Civil society participation will be crucial to ambitious outcomes at COP25. Parties to the summit, which include all UN member countries and the European Union, should allow activists ample opportunity to air their concerns about the climate crisis and use their combined expertise to help identify solutions. They should also provide activists with a safe space to speak out about the threats they face for carrying out their work.

In addition, parties should publicly commit to robustly carrying out international and regional treaties that protect environmental defenders. One of these treaties is the Escazu Agreement (the Regional Agreement on Access to Information, Public Participation and Justice in Environmental Matters in Latin America and the Caribbean), the world’s first covenant to include specific provisions promoting and protecting environmental defenders. Twenty-one countries have signed the 2018 agreement. But only six countries have ratified it – five shy of the ratifications needed to enter it into force. Chile, which stepped down as COP25 host because of protests stemming from economic grievances, but will still preside over the negotiations in Madrid, should lead by example and ratify the agreement.

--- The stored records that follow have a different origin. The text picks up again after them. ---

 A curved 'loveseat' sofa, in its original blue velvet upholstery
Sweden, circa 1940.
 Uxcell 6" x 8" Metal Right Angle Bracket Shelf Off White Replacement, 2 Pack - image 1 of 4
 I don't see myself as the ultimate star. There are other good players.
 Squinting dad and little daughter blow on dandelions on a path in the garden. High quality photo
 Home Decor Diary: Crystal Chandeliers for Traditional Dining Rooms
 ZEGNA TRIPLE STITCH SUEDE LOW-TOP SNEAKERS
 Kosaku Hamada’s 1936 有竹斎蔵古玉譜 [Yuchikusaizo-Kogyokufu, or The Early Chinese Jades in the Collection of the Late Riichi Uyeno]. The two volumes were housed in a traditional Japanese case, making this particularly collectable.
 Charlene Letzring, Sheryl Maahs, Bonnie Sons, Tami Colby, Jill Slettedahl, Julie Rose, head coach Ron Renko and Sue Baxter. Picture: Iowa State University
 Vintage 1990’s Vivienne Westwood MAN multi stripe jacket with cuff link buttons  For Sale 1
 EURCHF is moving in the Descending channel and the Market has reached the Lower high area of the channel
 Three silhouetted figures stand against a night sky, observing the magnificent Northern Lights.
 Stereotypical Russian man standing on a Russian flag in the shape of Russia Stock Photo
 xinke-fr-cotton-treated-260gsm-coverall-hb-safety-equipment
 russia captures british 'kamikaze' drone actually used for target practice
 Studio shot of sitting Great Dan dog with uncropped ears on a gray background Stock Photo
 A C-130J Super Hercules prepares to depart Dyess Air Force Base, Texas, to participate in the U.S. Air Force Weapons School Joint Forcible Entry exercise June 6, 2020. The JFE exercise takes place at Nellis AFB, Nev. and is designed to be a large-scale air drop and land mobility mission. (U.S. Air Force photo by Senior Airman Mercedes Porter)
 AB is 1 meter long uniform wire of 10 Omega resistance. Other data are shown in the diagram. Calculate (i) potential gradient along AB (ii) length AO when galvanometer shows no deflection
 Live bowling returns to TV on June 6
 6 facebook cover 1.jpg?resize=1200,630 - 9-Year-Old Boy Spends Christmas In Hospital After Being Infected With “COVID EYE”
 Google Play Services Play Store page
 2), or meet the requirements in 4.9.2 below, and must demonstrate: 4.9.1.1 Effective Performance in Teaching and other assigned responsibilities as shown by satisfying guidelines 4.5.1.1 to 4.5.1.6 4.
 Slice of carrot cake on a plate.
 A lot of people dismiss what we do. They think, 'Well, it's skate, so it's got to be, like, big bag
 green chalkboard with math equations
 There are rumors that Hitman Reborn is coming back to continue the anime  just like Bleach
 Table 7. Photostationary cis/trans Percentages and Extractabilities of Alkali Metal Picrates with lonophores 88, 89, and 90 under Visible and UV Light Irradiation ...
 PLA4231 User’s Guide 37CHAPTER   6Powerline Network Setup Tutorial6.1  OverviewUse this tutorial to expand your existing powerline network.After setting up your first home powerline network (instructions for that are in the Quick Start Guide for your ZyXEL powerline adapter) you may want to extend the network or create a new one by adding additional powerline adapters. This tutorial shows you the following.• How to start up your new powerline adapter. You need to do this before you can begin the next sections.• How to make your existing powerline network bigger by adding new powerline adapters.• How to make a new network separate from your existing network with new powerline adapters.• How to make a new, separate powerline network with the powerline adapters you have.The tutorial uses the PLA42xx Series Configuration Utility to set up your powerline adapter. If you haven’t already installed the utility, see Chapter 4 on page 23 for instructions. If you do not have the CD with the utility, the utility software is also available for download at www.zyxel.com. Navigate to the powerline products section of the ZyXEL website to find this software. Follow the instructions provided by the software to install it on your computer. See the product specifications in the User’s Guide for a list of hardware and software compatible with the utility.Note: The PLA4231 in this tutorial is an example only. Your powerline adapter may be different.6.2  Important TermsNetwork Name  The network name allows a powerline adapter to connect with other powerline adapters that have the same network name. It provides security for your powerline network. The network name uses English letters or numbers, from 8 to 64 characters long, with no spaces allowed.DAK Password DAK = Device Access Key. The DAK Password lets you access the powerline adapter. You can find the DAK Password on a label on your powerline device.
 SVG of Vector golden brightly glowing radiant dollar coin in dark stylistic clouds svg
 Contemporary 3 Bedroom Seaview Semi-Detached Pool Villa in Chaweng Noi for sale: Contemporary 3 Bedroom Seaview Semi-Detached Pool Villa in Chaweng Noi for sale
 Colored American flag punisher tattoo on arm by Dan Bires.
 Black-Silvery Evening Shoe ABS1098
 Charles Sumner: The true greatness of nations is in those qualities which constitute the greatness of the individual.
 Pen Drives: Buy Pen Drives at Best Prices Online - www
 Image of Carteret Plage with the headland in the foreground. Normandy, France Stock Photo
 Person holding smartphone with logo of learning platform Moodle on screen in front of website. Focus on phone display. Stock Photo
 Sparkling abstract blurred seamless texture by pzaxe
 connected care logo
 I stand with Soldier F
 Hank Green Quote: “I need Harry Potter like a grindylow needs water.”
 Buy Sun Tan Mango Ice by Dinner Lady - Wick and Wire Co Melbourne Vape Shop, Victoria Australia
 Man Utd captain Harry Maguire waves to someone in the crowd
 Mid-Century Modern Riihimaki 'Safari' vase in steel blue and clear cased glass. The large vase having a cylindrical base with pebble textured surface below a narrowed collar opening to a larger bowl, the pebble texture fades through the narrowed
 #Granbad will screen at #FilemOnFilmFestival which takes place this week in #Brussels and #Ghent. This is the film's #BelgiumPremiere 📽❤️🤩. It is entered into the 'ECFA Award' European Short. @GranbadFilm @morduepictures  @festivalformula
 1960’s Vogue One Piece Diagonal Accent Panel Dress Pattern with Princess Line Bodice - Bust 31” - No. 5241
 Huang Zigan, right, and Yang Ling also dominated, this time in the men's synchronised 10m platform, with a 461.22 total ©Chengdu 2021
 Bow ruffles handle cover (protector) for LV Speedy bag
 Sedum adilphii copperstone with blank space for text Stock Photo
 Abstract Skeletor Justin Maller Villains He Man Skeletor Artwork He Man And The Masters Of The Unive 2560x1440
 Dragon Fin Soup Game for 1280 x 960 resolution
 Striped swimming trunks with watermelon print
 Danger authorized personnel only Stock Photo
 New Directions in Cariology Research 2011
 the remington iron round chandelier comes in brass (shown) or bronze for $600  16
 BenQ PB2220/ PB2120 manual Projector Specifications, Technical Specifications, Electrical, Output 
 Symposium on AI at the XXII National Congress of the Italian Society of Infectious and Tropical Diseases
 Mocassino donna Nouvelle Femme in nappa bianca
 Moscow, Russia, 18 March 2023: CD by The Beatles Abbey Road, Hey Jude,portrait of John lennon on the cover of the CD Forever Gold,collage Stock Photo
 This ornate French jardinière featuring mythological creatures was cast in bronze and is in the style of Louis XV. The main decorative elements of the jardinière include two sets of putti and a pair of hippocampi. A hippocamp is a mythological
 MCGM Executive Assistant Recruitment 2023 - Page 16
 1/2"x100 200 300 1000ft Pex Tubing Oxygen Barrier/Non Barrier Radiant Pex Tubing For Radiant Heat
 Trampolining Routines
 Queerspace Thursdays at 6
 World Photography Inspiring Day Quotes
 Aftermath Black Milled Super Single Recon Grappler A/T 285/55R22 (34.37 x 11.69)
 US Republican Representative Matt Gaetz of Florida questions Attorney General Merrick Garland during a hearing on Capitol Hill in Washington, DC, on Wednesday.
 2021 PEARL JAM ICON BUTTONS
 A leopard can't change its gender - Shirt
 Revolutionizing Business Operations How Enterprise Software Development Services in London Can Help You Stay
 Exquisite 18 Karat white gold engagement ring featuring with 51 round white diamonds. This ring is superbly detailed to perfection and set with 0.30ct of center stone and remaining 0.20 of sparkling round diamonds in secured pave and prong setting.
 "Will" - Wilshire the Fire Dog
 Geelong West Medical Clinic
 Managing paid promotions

COP25 participants should also commit to upholding the Aarhus Convention (the United Nations Economic Commission for Europe Convention on Access to Information, Public Participation in Decision-making and Access to Justice in Environmental Matters), to which Spain is a signatory. The convention – an environmental pact for Europe, the European Union, and Central Asia – grants the public, including environmental groups, an array of rights including public participation and access to information and justice in governmental decisions on the environment, without harassment or persecution. Parties to the treaty, including the EU, and Poland for its crackdown at COP24, have been criticized – including in some cases by the Aarhus Convention’s own oversight body – for flouting these provisions.

COP25 delegates should recognize that to genuinely protect the environment, they also need to protect its defenders – including those unjustly targeted in the name of security.